In line with this consideration, the scope of the work is to explore the validity range of a theoretically derived power law for the tensile strength of tablets. Different selleck chemicals llc grades of microcrystalline cellulose and lactose, as well as mixtures thereof, were used to compress model tablets. The power law was found to hold true in a
low pressure range, which agreed with theoretical expectation. This low pressure range depended on the individual material characteristics, but as a rule of thumb, the tablets having a porosity of more than about 30% or being compressed below 100 MPa were generally well explained by the tensile strength relationship. Tablets at higher densities were less adequately described by the theory that is based on large-scale heterogeneity of the relevant contact points in the compact. Tablets close to the unity density therefore require other theoretical approaches. More research is needed to understand tablet strength in a wider range of compaction pressures.”
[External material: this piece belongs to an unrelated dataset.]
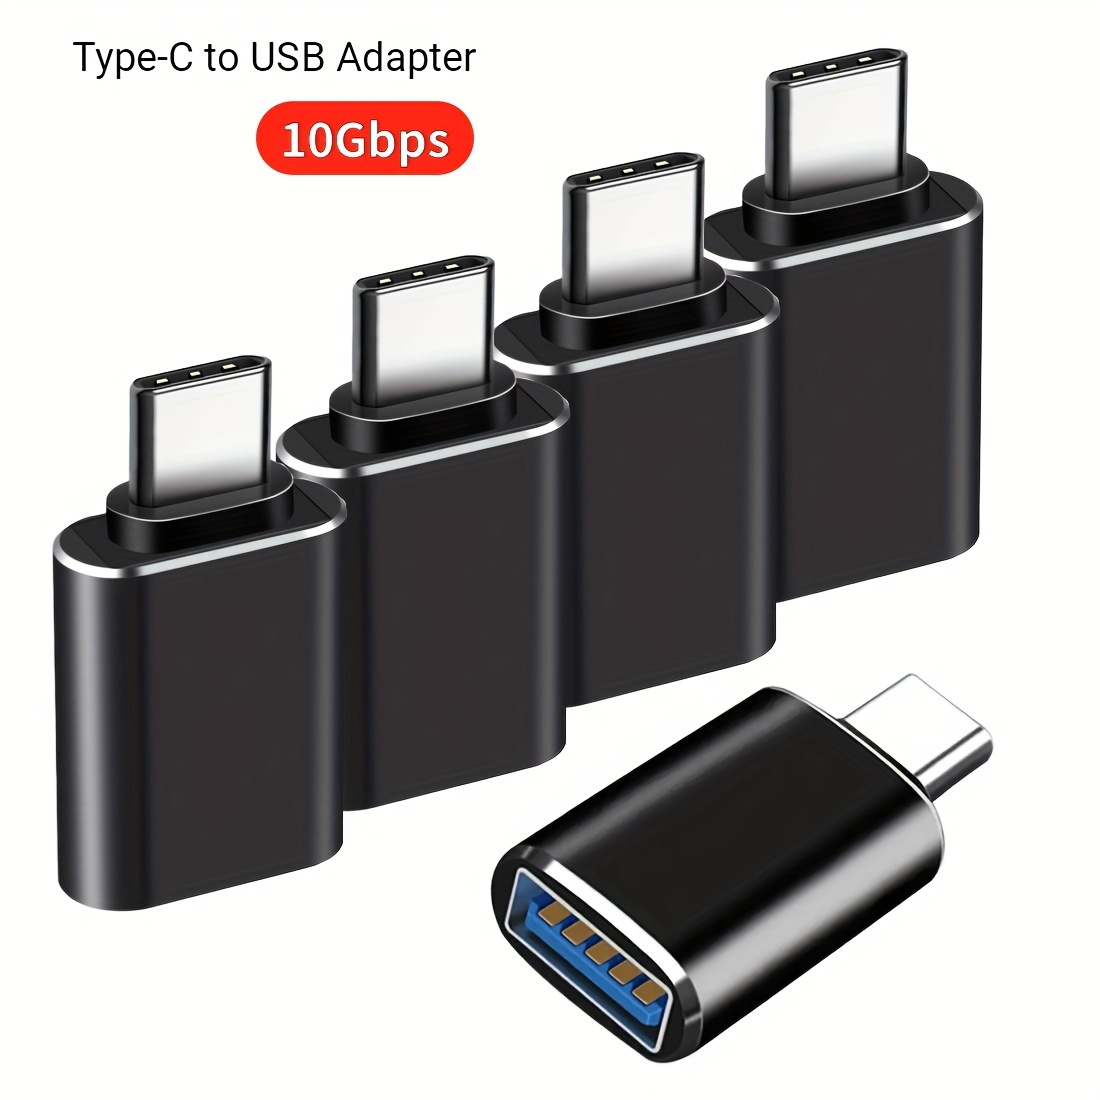 USB C Adapters 4 Pack, USB C to USB 3.0 OTG Adapter, Micro USB to USB C  Adapter Compatible with MacBook Pro, Samsung Galaxy, Smartphones, Laptop,  PC

“Background: Orphan medicinal products are designed to diagnose or treat rare diseases that
are serious, life threatening or chronically debilitating and that affect 50 or fewer people in every 100 000 in the EU. In Belgium, the Drug Reimbursement Committee (DRC) evaluates reimbursement requests for orphan drugs based BEZ235 order on multiple criteria: the therapeutic value, price and proposed reimbursement tariff; the importance of the drug in clinical practice; and the budget impact of the drug.
Objectives: This study aimed to assess reimbursement dossiers of orphan drugs
in Belgium and to compare them with the clinical evidence submitted to the European Medicines Agency (EMA).
Methods: A qualitative analysis examined all reimbursement dossiers of orphan drugs that were submitted in Belgium between January 2002 and June 2008. The following information was extracted from each dossier: description of the orphan drug; indication; reimbursement status; therapeutic value and needs; budget impact; and number selleck compound of registered indications. For selected orphan drugs, an in-depth analysis extracted and compared information about the clinical trials, their primary endpoints and results from EMA documents (i.e. the marketing authorization application file, European public assessment report and summary of product characteristics) and the Belgian reimbursement dossiers.
Results: Reimbursement was awarded to the majority of orphan drugs. In addition to the official criteria, other negotiable factors, such as price adjustments, employment incentives, patient population restrictions and funding of diagnostic tests by the company, seemed to play a role in the reimbursement decision. Despite the low number of patients, randomized controlled trials were conducted for many orphan drugs. Budget-impact analyses were simplistic and did not consider the impact across multiple indications.